By 1984, the population was 49,702 (compared to 18,871 residents in 1970). The state economic boom fueled the construction of new houses and businesses, leading to a push for the area to incorporate as a city. Although similar measures had failed previously in 1968 and 1983, the measure to form the city of Moreno Valley was approved by the area's voters in 1984. On December 3, 1984, the communities of Edgemont, Sunnymead, and Moreno united along with nearby areas to form the general law city of Moreno Valley. The first city council was also elected in 1984. It was composed of Bob Lynn, Judith A. Nieburger, Steven Webb, J. David Horspool (first Mayor Pro Tem), and Marshall C. Scott (first Mayor). The city seal and motto were adopted the following year.
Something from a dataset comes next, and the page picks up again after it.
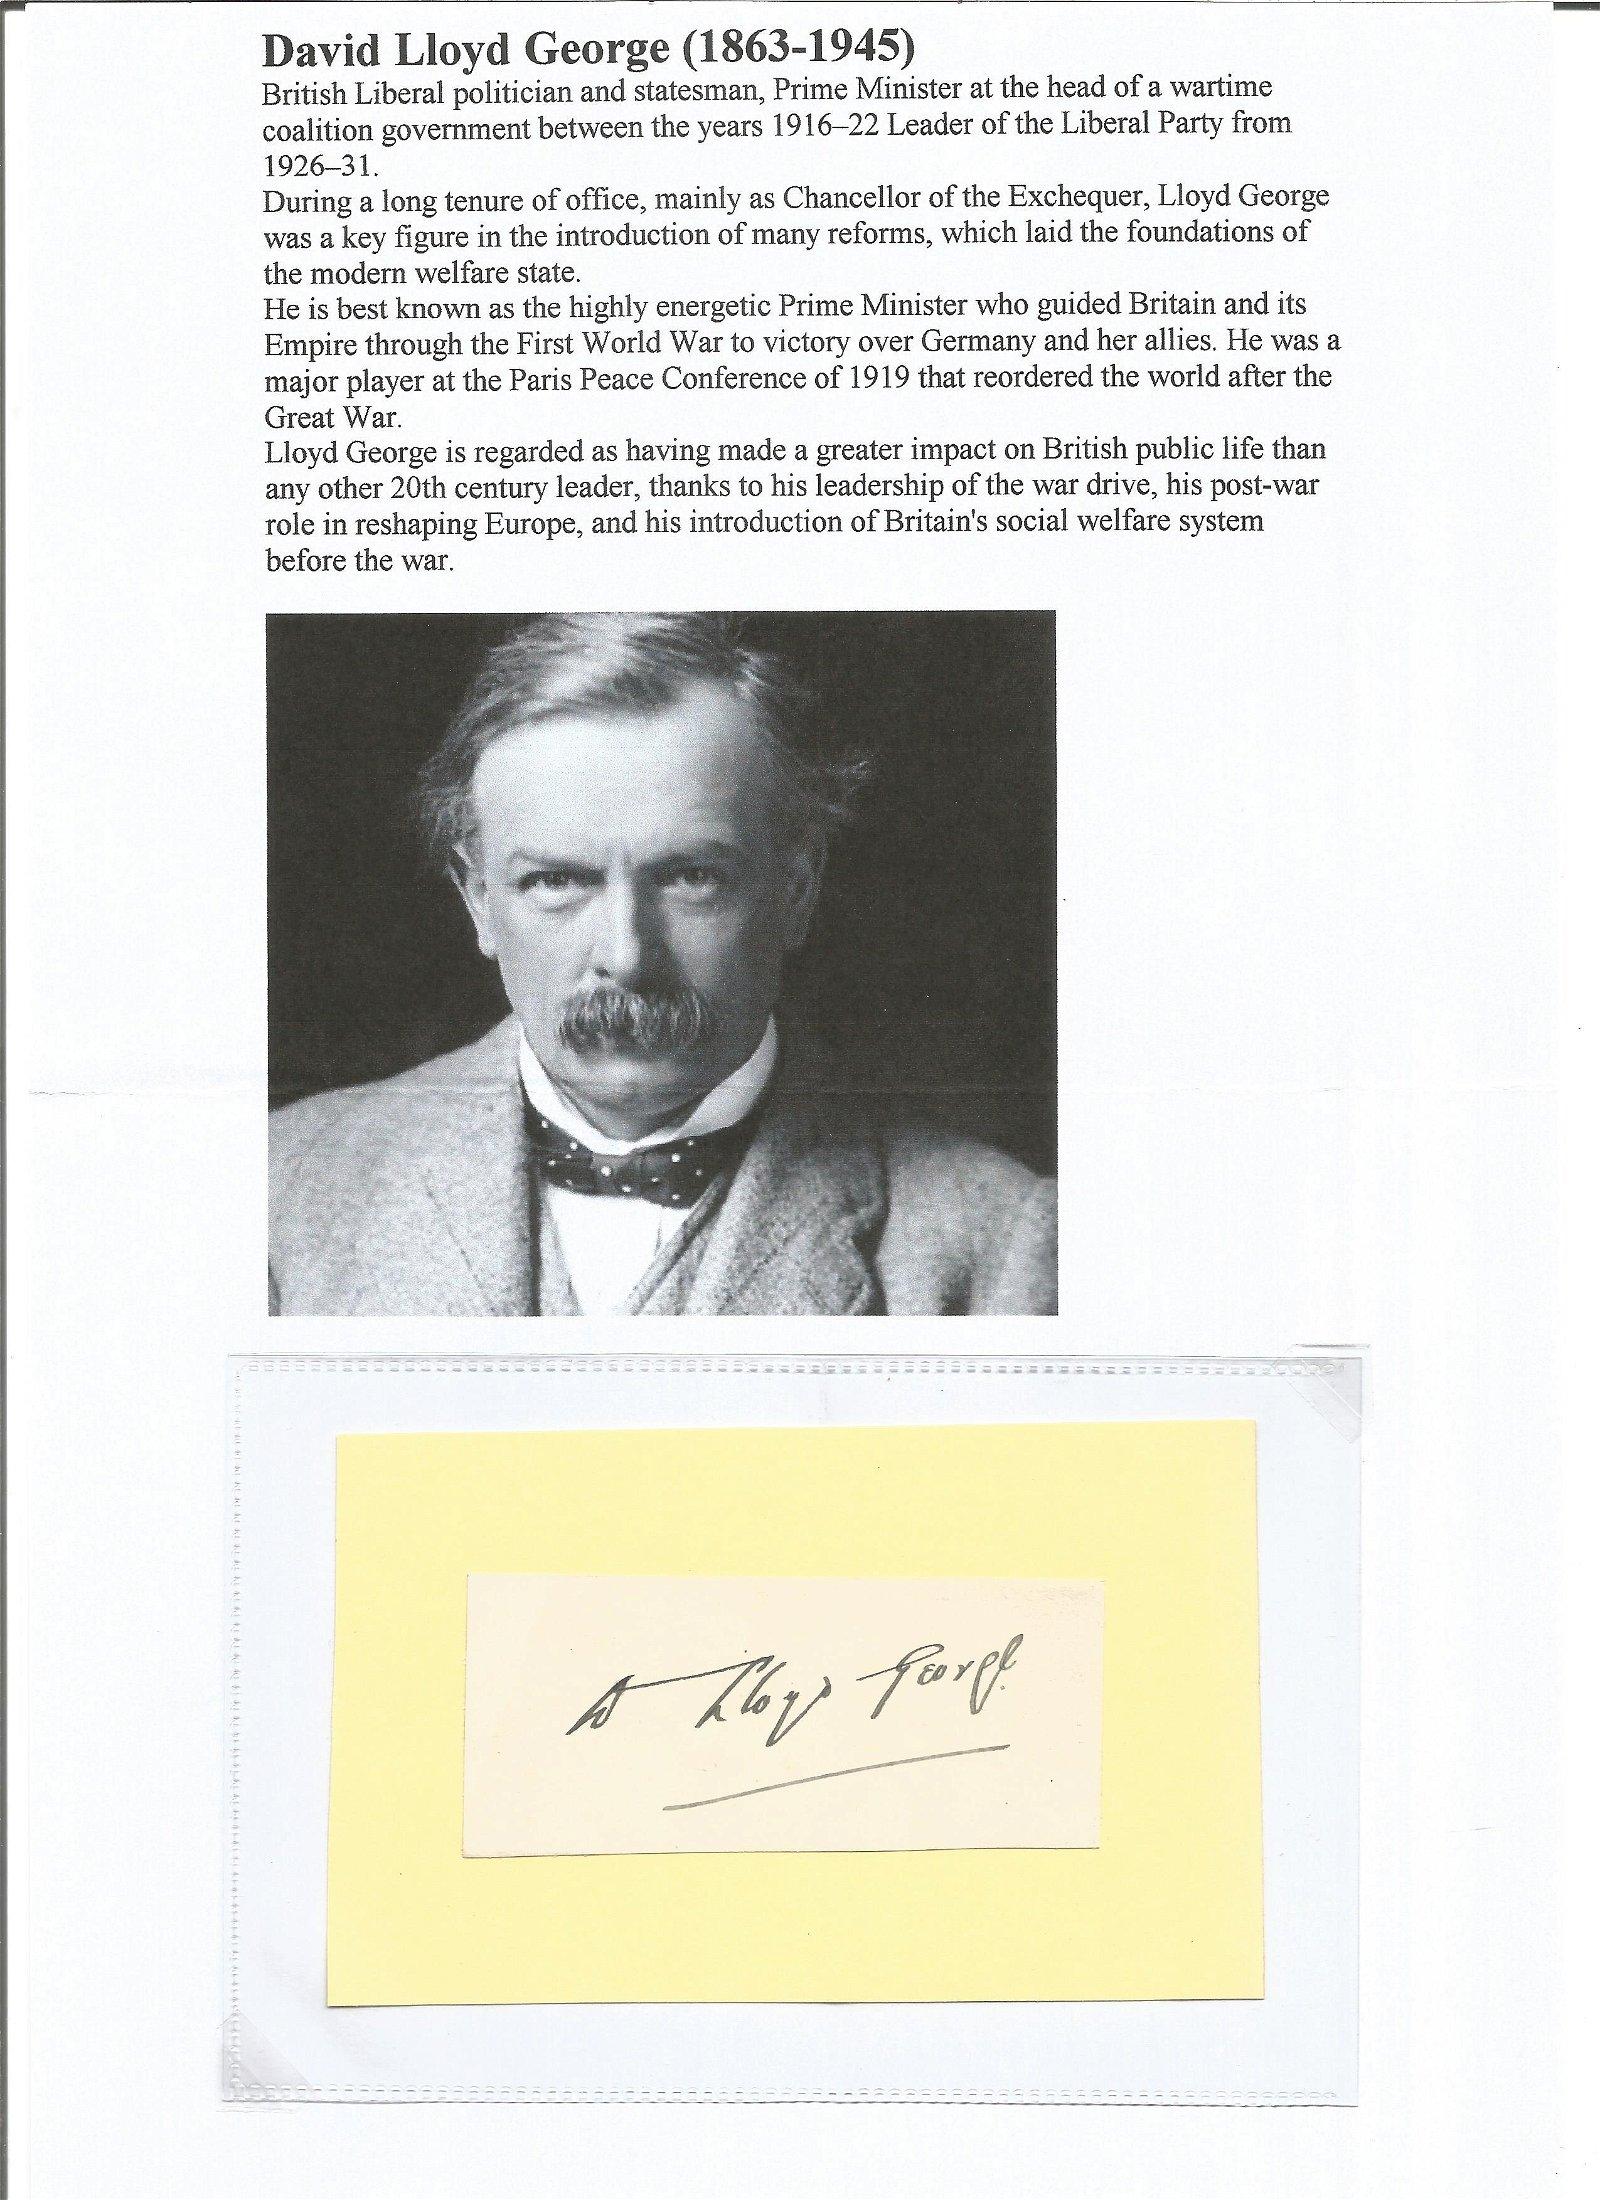 David Lloyd George 1863 1945 signature. PM between 1926

====March Air Reserve Base====
In November 2008, DHL announced it was leaving the U.S. market and would shut its operation associated with March Air Field in January 2009.

===21st century===
On February 13, 2007, the city council passed, by a vote of 4–1, a resolution christening the eastern half of the city (roughly from Lasselle Street to Gilman Springs Road) "Rancho Belago", a pastiche of Spanish and Italian words. The city council's resolution includes the 92555 ZIP Code within the boundaries of the area, as reported by the Press Enterprise newspaper.

==Geography==

According to the United States Census Bureau, the city has a total area of 51.5 sqmi, of which, 51.3 sqmi of it is land and 0.2 sqmi of it is water.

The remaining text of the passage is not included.